In [3, 6, 11], the authors use the ASM file generated by disassembly to convert the assembly bytecode into pixel features and then use CNN to learn. Although this method takes advantage of some program information, malware authors can still make confusion by inserting external assembly instructions. Zhang et al. [12] use SVM to build a malicious code detection framework based on semisupervised learning, which effectively solves the problem that malicious code is difficult to be marked on a large scale, and has achieved good results. There are also some methods that are based on API calls in [13]. They treat the file as a list containing only 0 or 1, with 0 and 1 representing whether or not the associated API appears. Their experiments show that the random forest classifier achieves the best result. This method mainly relies on the malicious API which could be emerged on a series of call sequence, and only the exact execution sequence can make damage on the computer system.

In [14], the authors construct behavior graphs to provide efficient information of malware behaviors using extracted API calls. The high-level features of the behavior graphs are then extracted using a neural network-Stacked AutoEncoders. On the one hand, their method of extracting behavioral graphs is very precise and helps to express the true meaning of the program fragments. On the other hand, their input vectors are constructed based on the whole sample, and the output of the model is the classification result of the whole sample. In fact, malicious fragments are only partial, which makes the malicious behavior graph easy to be overwhelmed.
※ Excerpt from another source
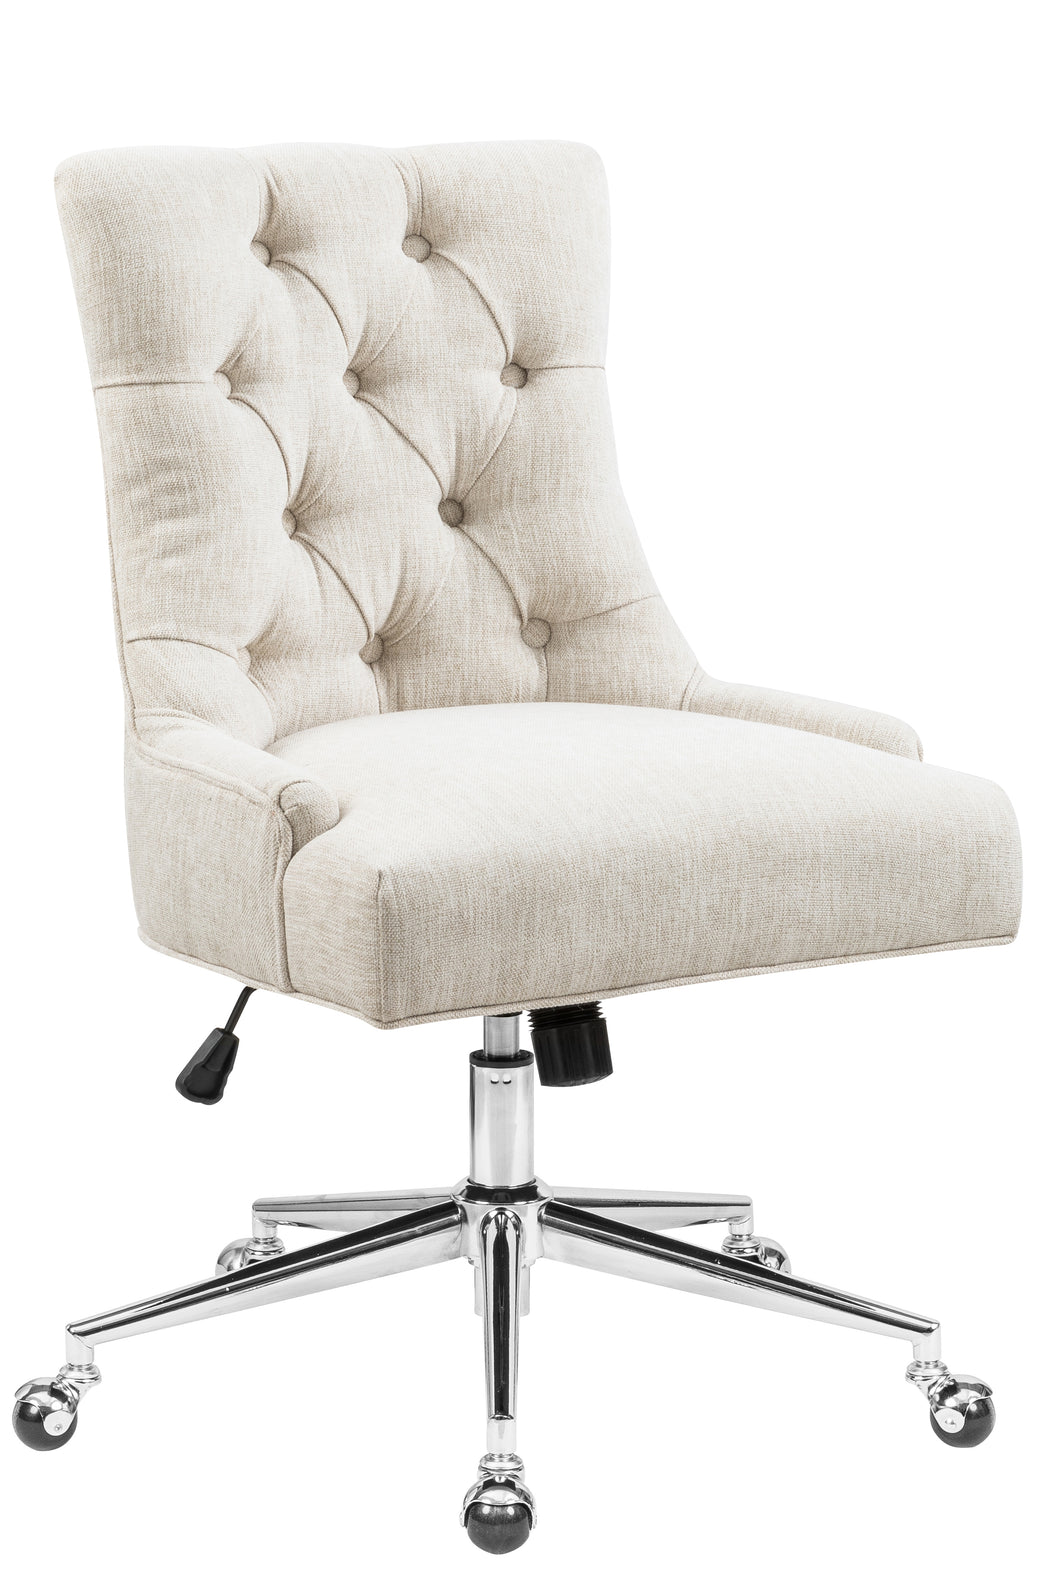 CHADEN Fully Upholstered Swivel Office Chair - HomyCasa
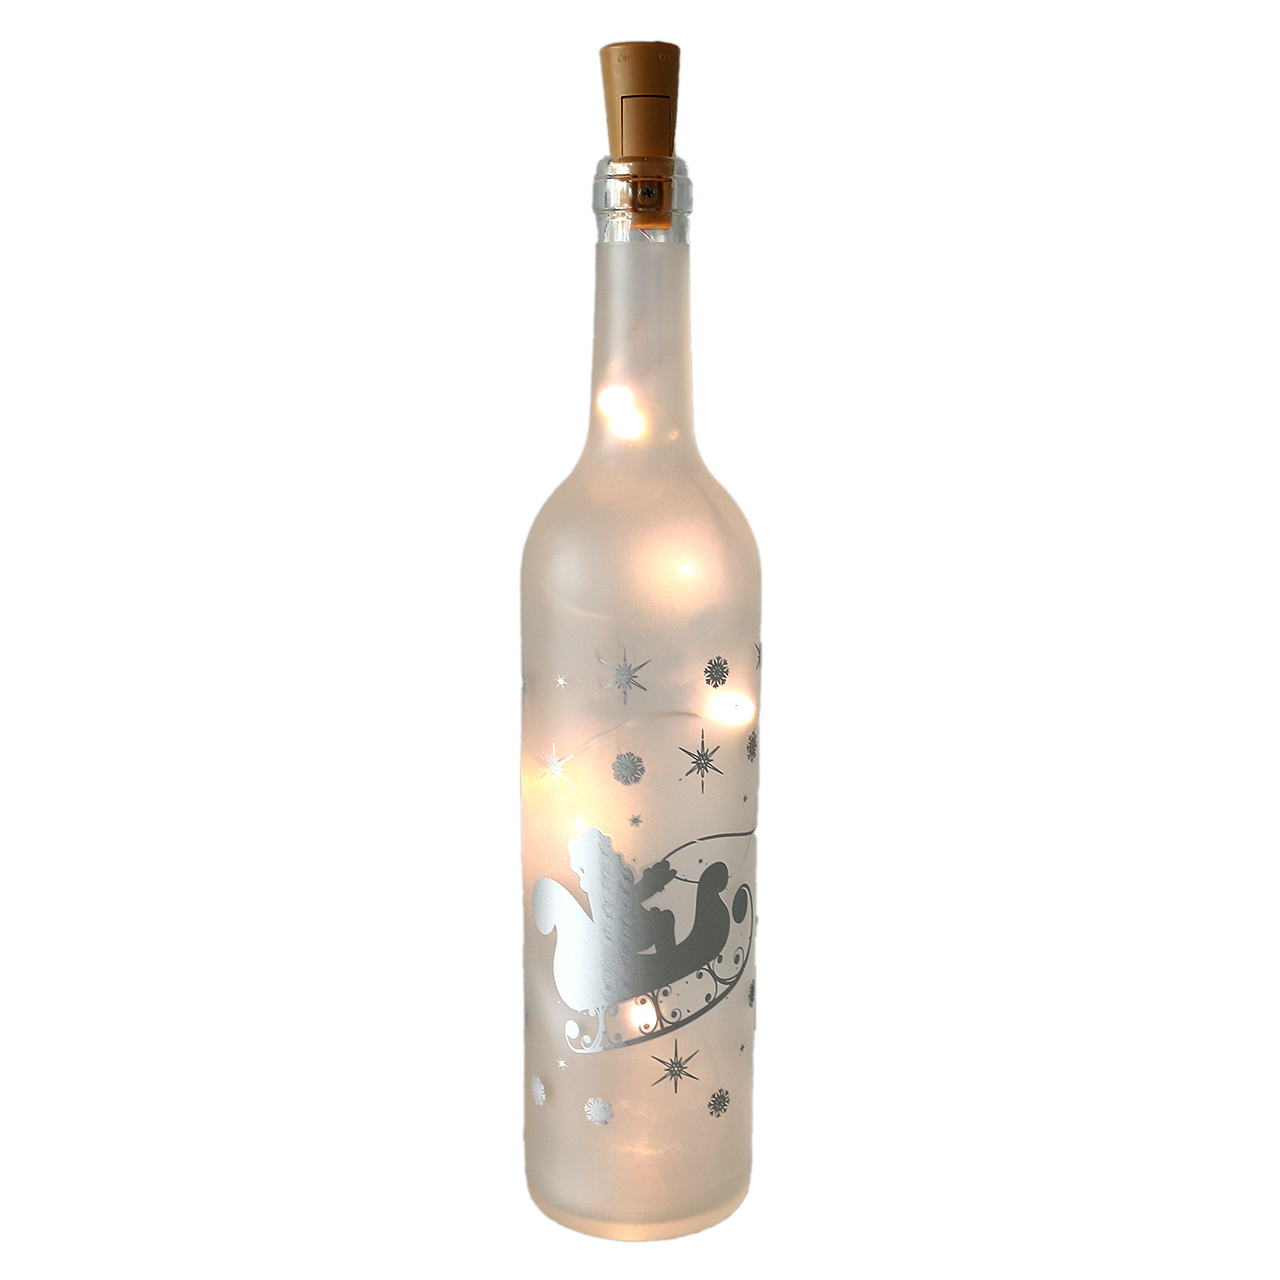 Beleuchtete Glasflasche 5 Led mit Sternen Weihnachten Weihnachtsdekoration klar

Liu et al. [4] use image texture, opcode features, and API features to describe the sample files. By using the shared nearest neighbor (SNN) clustering algorithm, they obtained a good result in their dataset. Qian and Tang [15] analyze the API attributes and divide0 them into 16 categories. They propose a map color method based on categories and occurrence times for a unit time the API executed according to its categories. Then, they use the CNN model to build a classifier. Xiaofeng et al. [16] propose a new method based on information gain and removal of redundant API fragments, which effectively reduce the length of the API call sequence. The handled API call sequence is then entered into the LSTM model for training. Uppal et al. [17] use call grams and odds ratio to select the top-ranked feature segments, which are used to form feature vectors and are used to train the SVM model.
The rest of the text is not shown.